### Data for this task
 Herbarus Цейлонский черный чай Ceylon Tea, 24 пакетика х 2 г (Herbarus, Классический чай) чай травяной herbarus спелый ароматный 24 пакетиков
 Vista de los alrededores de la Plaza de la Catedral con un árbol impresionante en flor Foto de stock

---

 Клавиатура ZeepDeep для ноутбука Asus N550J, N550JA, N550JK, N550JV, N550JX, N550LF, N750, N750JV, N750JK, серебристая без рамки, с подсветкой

...

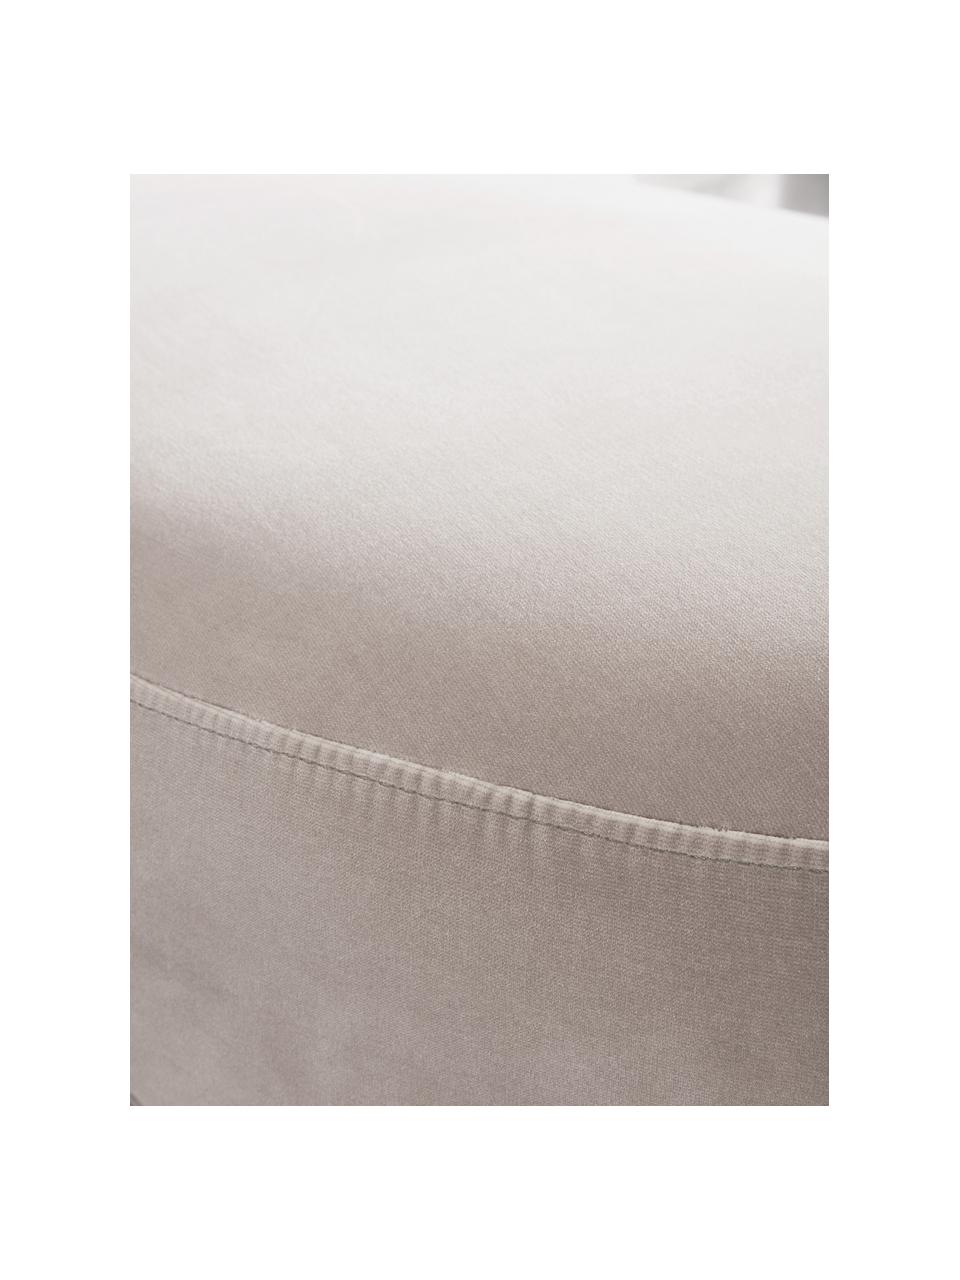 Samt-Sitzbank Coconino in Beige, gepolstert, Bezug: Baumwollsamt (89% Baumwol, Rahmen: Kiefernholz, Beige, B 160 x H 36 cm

### Task
From the line that has "Herbarus Цейлонский черный" through the line that has "Vista de los", copy every line exactly as it appears above, and leave out all others.

### Exercise answer
 Herbarus Цейлонский черный чай Ceylon Tea, 24 пакетика х 2 г (Herbarus, Классический чай) чай травяной herbarus спелый ароматный 24 пакетиков
 Vista de los alrededores de la Plaza de la Catedral con un árbol impresionante en flor Foto de stock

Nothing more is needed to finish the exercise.